RANDOM_SEED=7 ./build 50-topics

The value of RANDOM_SEED can be any positive integer (not zero).

If you use the same RANDOM_SEED value every time you build the models, you should get the same results each time.

Troubleshooting

Some PDFs, such as scanned PDFs that have not had OCR run on them, may not have any readable text in them, meaning that the plain text versions of these files will be empty. You can check if this is the case for any of your PDF files by running this command:

make wordcounts.csv

This will generate a CSV file listing the word count for each plain text file created from your PDFs. Open the CSV in the spreadsheet software of your choice and sort by word count.

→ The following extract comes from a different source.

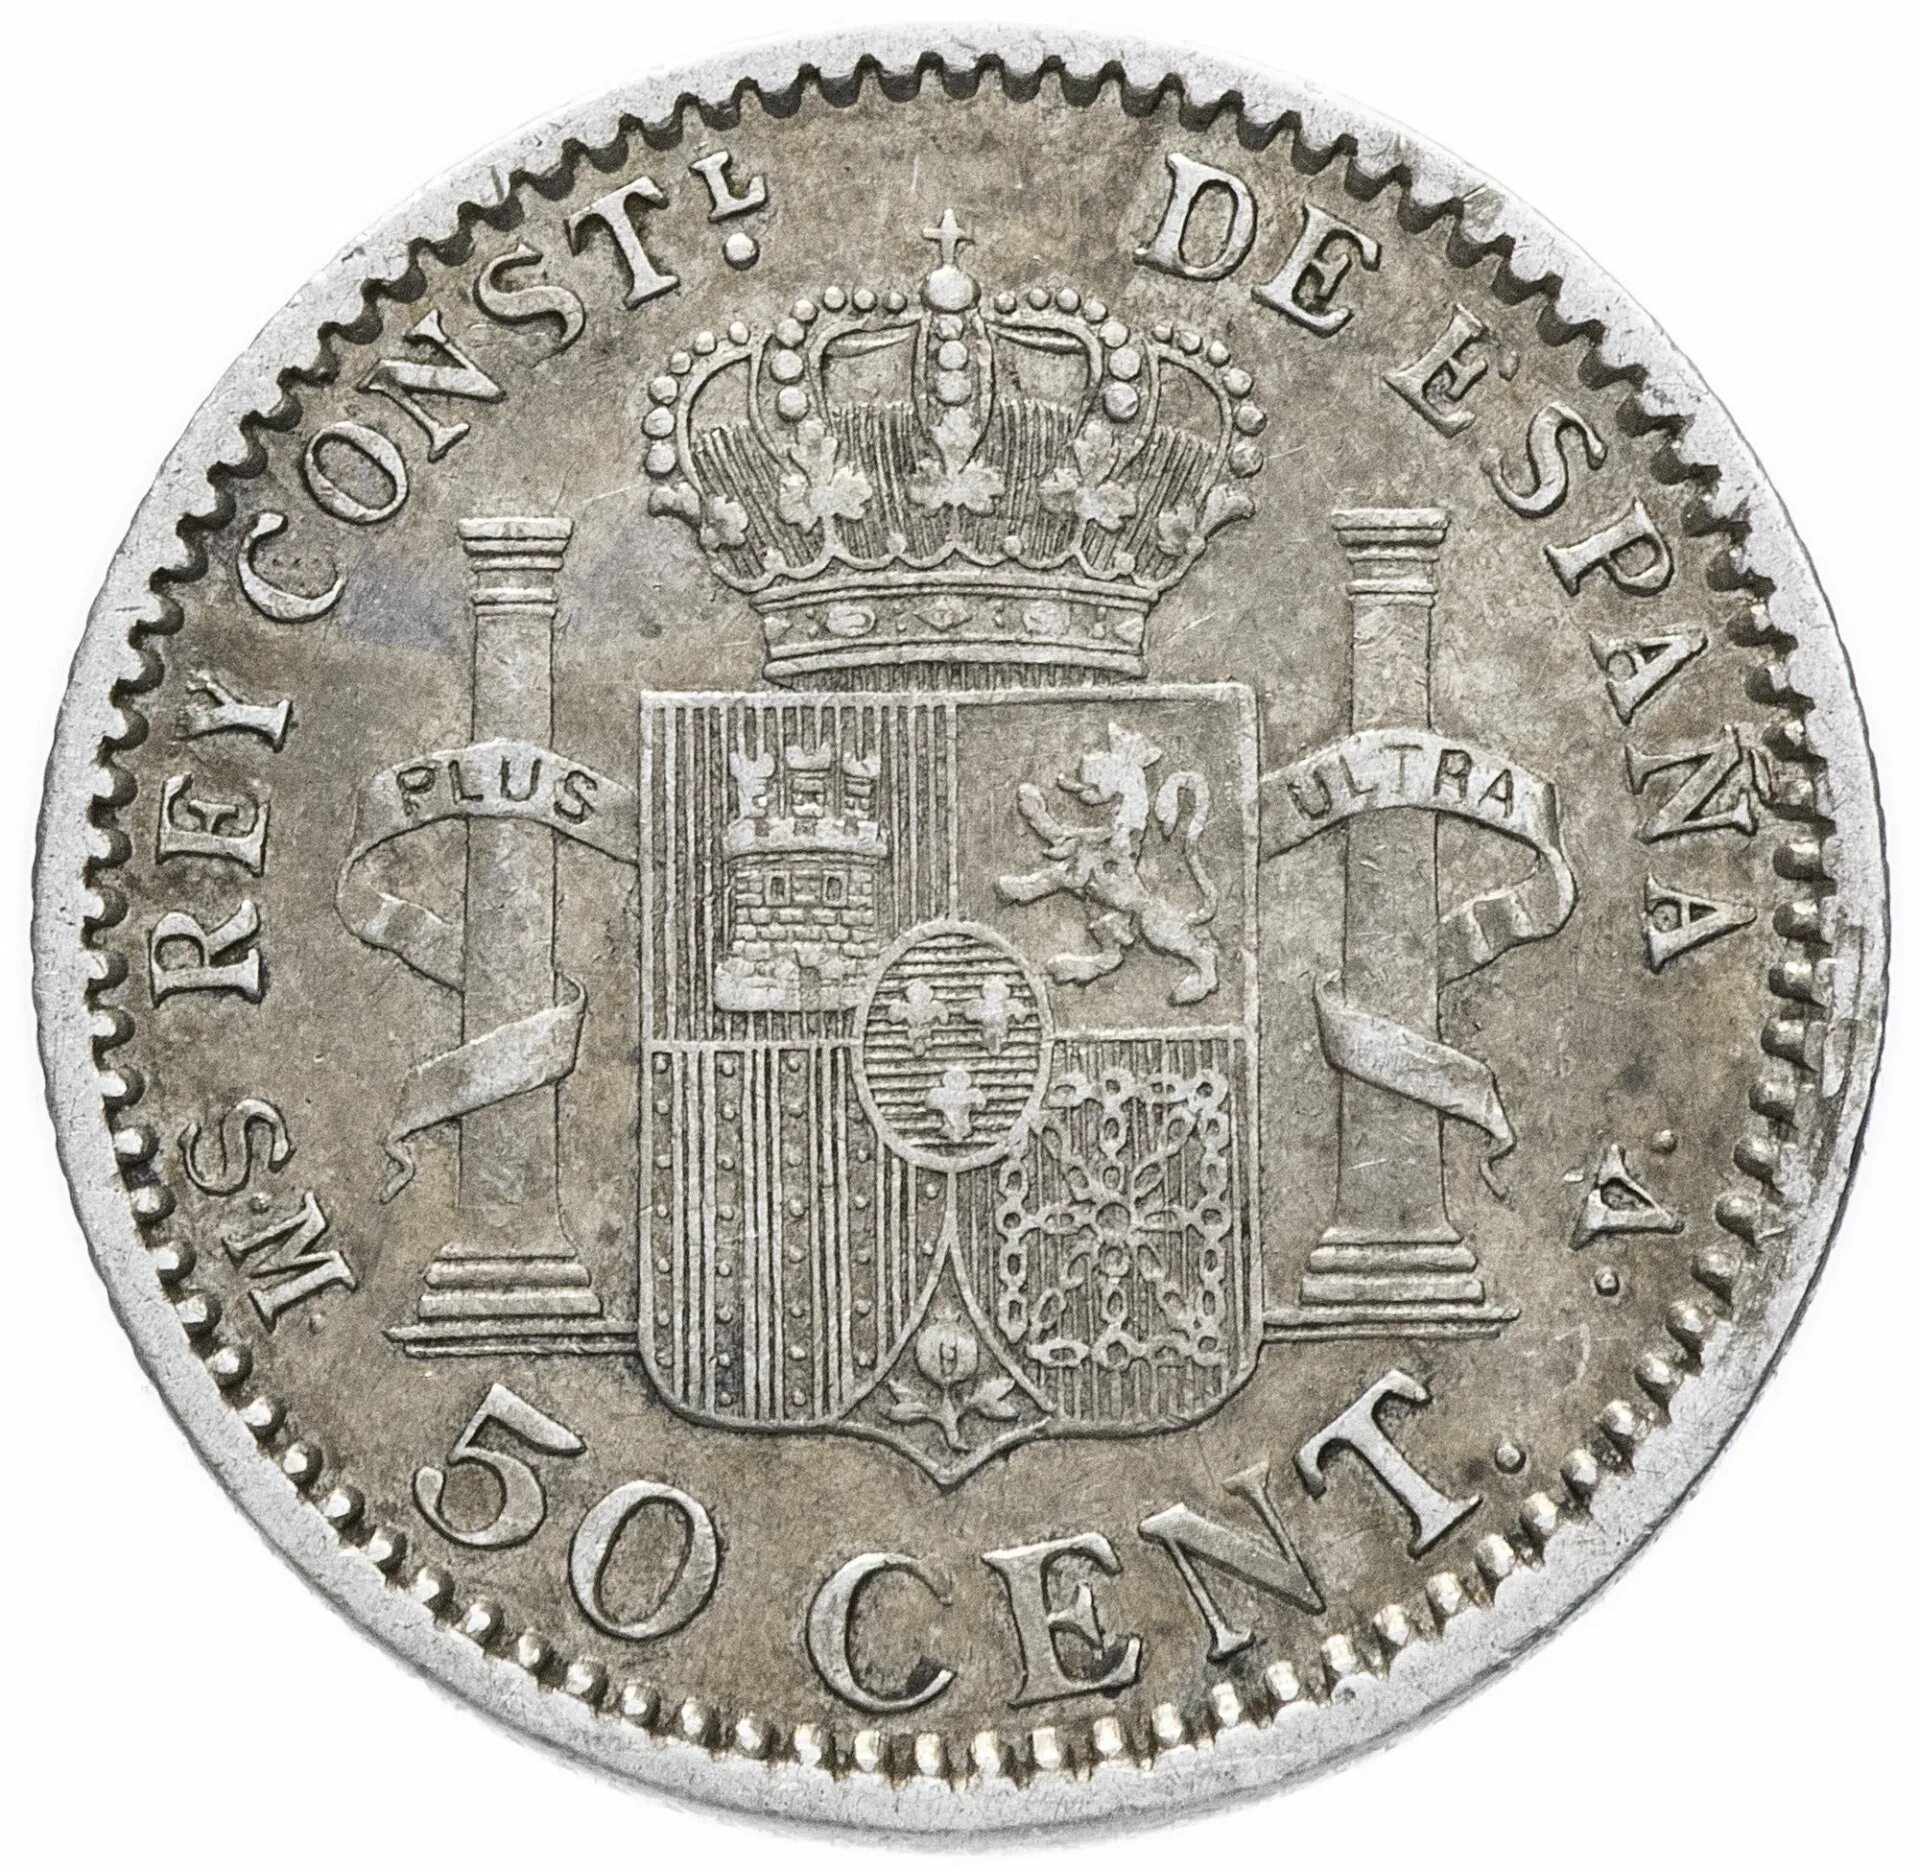 Монета Испании сантимо. Монета Испания 1641. Монета Испании 1821 года. Испанская монета с профилем.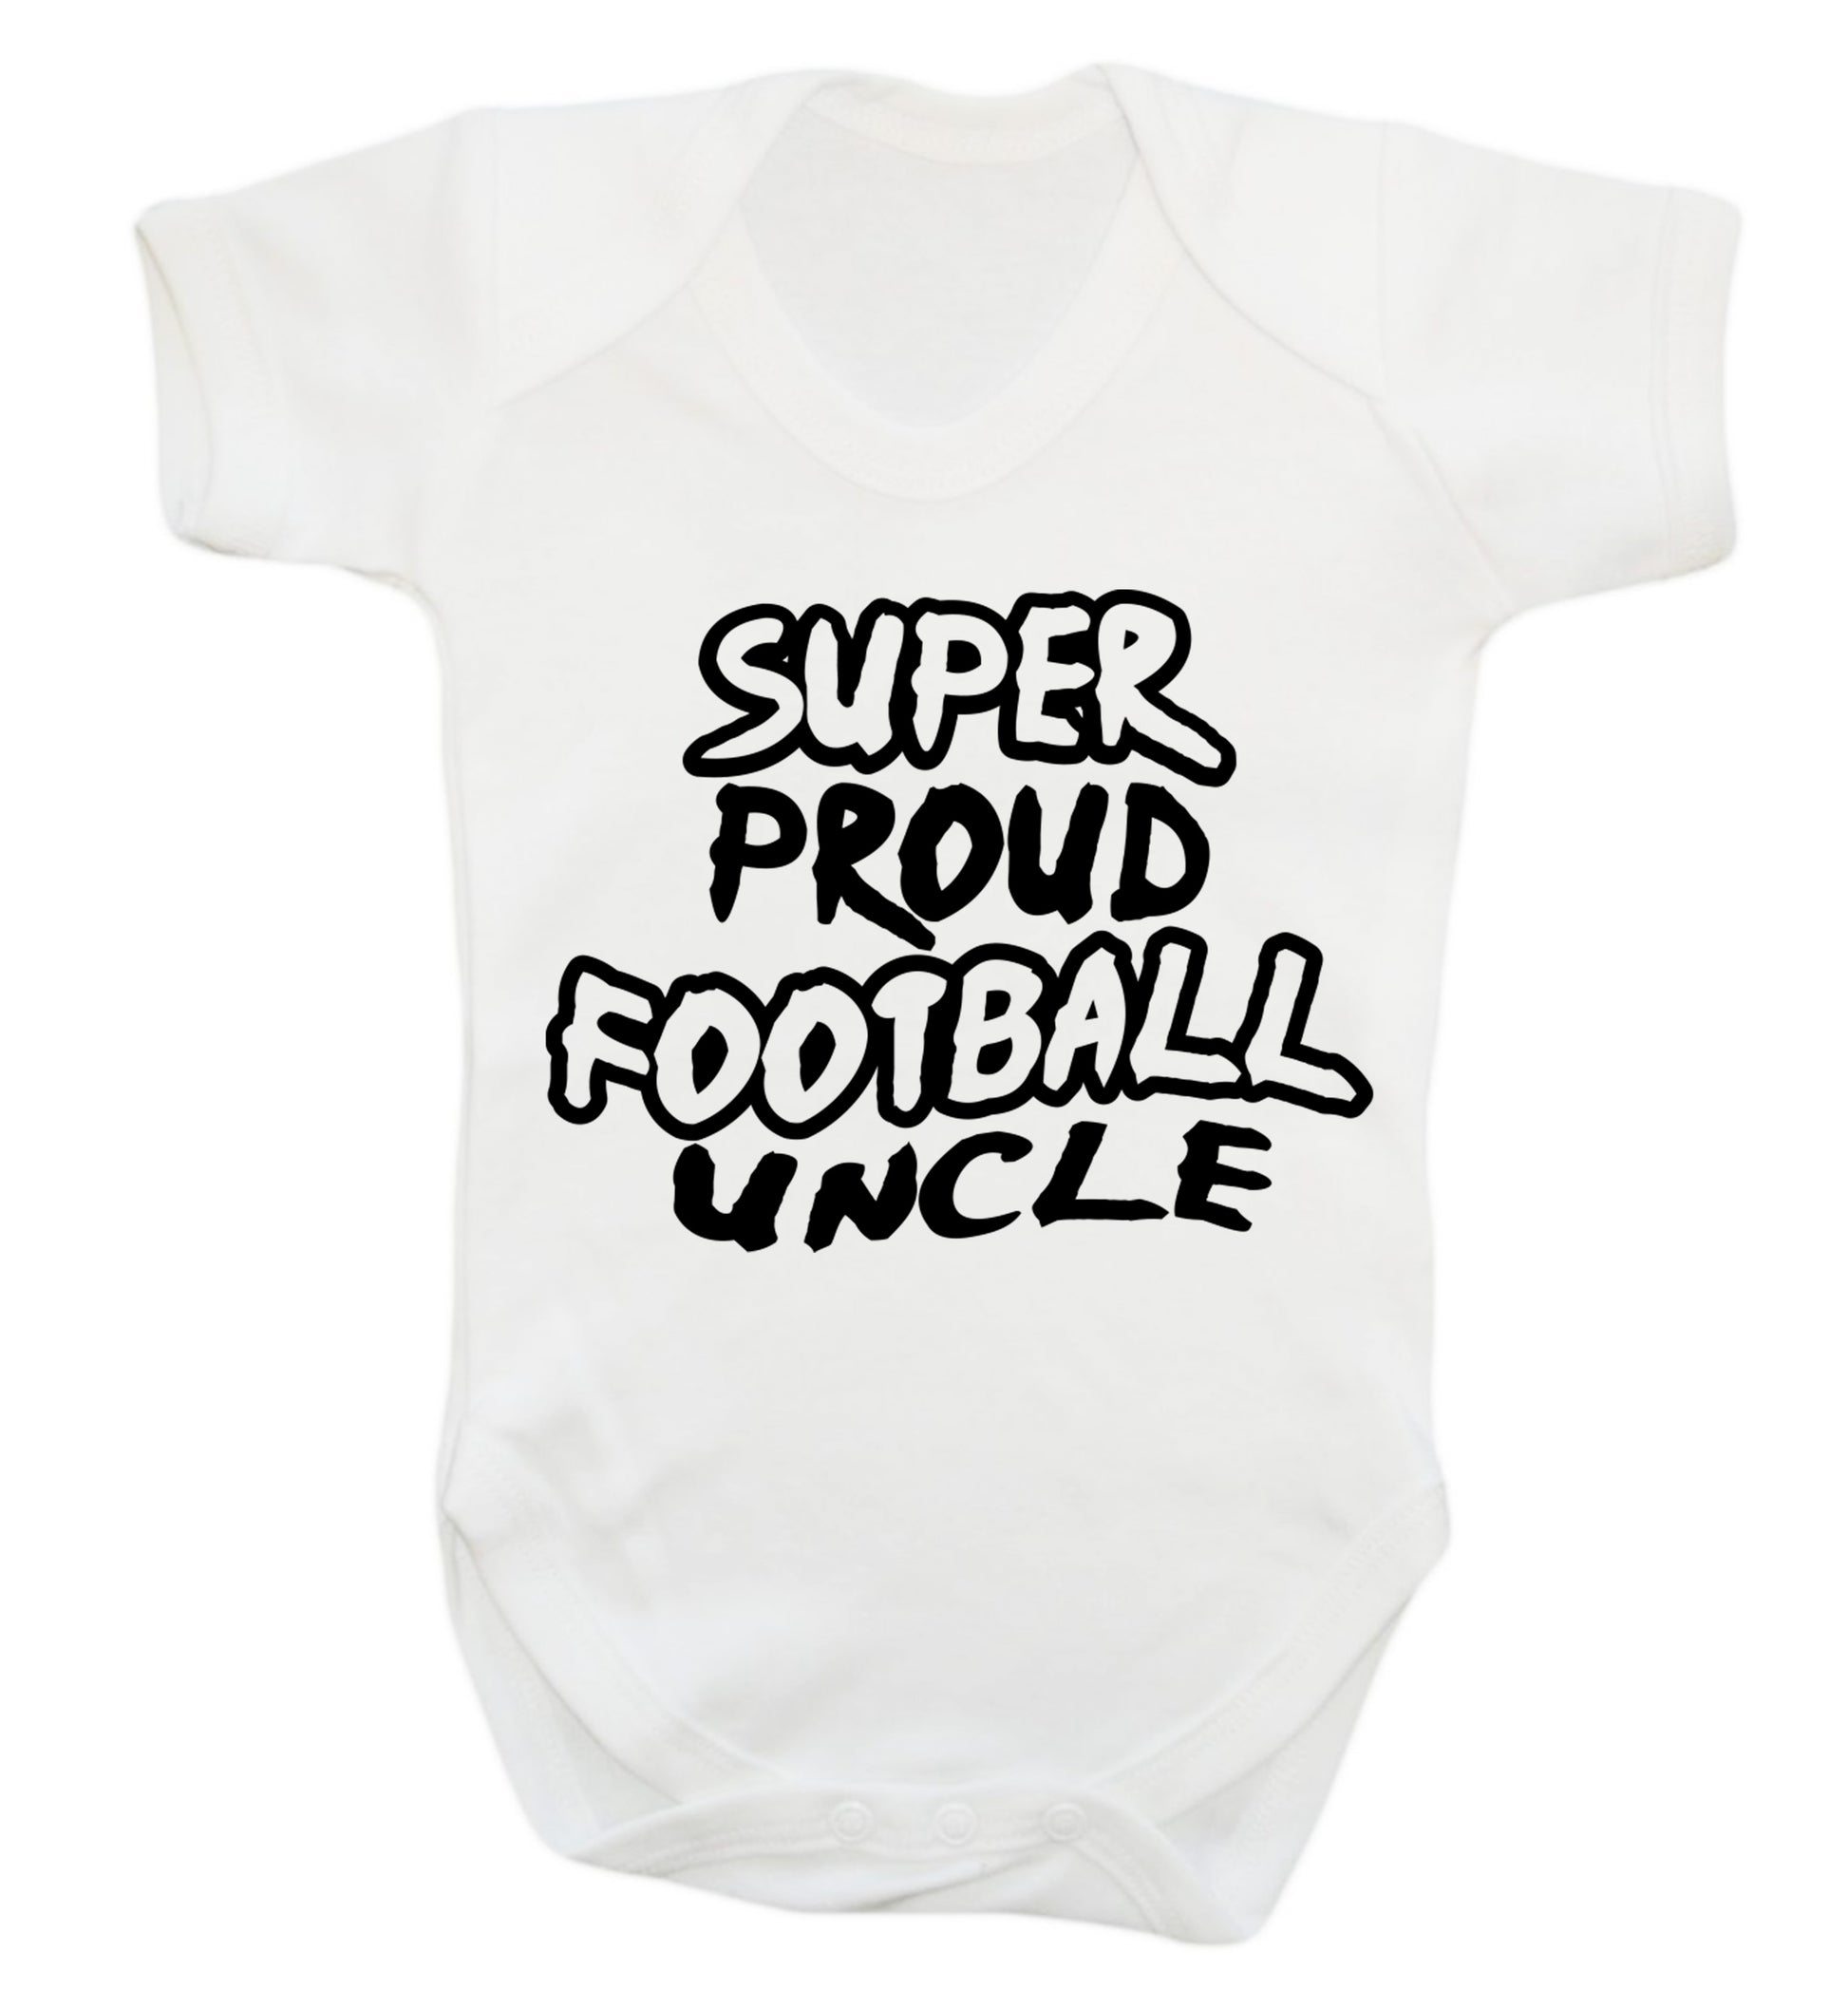 Super proud football uncle Baby Vest white 18-24 months

Files with zero or very few words should be checked to see if the PDF needs to have OCR run on it.

You may find that one or more of your topics seems to consist of gibberish. This is usually a sign that OCR has failed, producing a bunch of unreadable symbols instead of readable text. This is often due to a problem with embedded fonts in the PDF file. Using Adobe Acrobat Pro DC to convert fonts to outlines before running OCR can fix this.

You can use the diagnostics tool to find other kinds of “problematic” topics—see the MALLET documentation.